Clinical Trials Administrator

2 weeks ago


Preston, United Kingdom Lancashire Teaching Hospitals NHS Foundation Trust Full time

We are delighted to offer within the Research & Innovation Department, working in Clinical Research as a Clinical Trials Administrator (CTA).

You will be working closely with the Cancer Research Nurses, inputting clinical data and assisting with the general running of clinical trials on a day to day basis.

With your help we can improve healthcare through research and innovation.

Knowledge and understanding of NHS systems and clinical research is not essential, as you will be provided with training, but it is desirable. You will also need excellent computer skills to handle the multitude of electronic systems associated with clinical trials.

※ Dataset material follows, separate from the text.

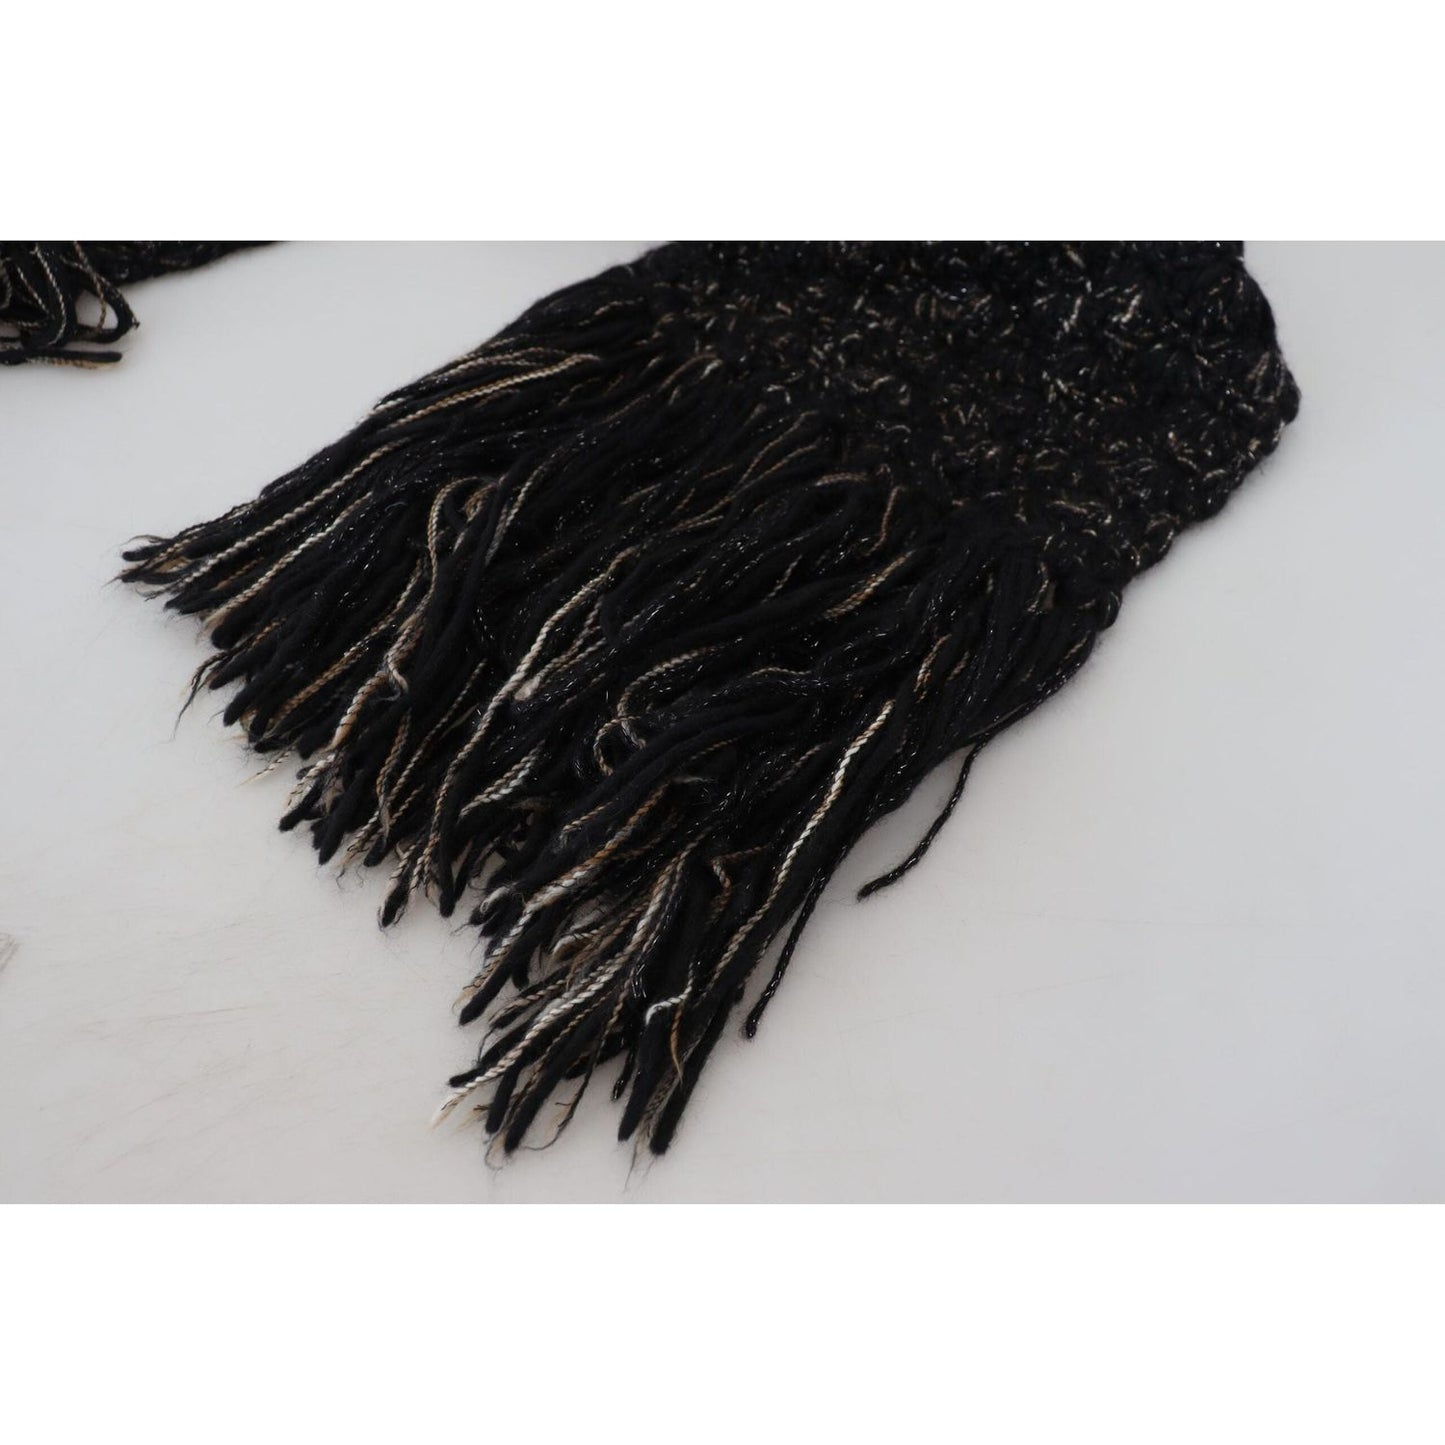 Dolce & Gabbana Elegant Virgin Wool Blend Black Scarf black-wool-knitted-wrap-foulard-fringe-scarf

Great administration and communication skills are required too, as well as being able to prioritise your workload and work autonomously when required to.

We are committed to leading improvements in healthcare through research and innovation. The Centre for Health Research and Innovation is a dynamic environment for the support and development of health research, innovation and clinical trials. We employ a large multi-disciplinary team of enthusiastic and committed staff who work alongside the health care teams to offer our patients the opportunity to be involved in research.

You will work in close partnership with the local Clinical Research Networks and together we have developed a broad portfolio of high quality research. We are excited to be strengthening our academic and industry links and building on the success of our existing programme of original research.

As a member of our team you will have access to high quality training and continued professional development. You will be part of a supportive team with the opportunity to develop your knowledge and skills. You will be provided with a comprehensive induction programme and have a personal development plan tailored to your training and development needs.

You will be providing support with set up and management of clinical trials will be a key part of this role, and you will be able to demonstrate attention to detail, organisational and computer skills, as the role would require regular data management and some clerical work.

You will have a flexible approach and be able to balance competing demands through effective prioritisation and excellent communication skills.

For the full description, please see the document attached.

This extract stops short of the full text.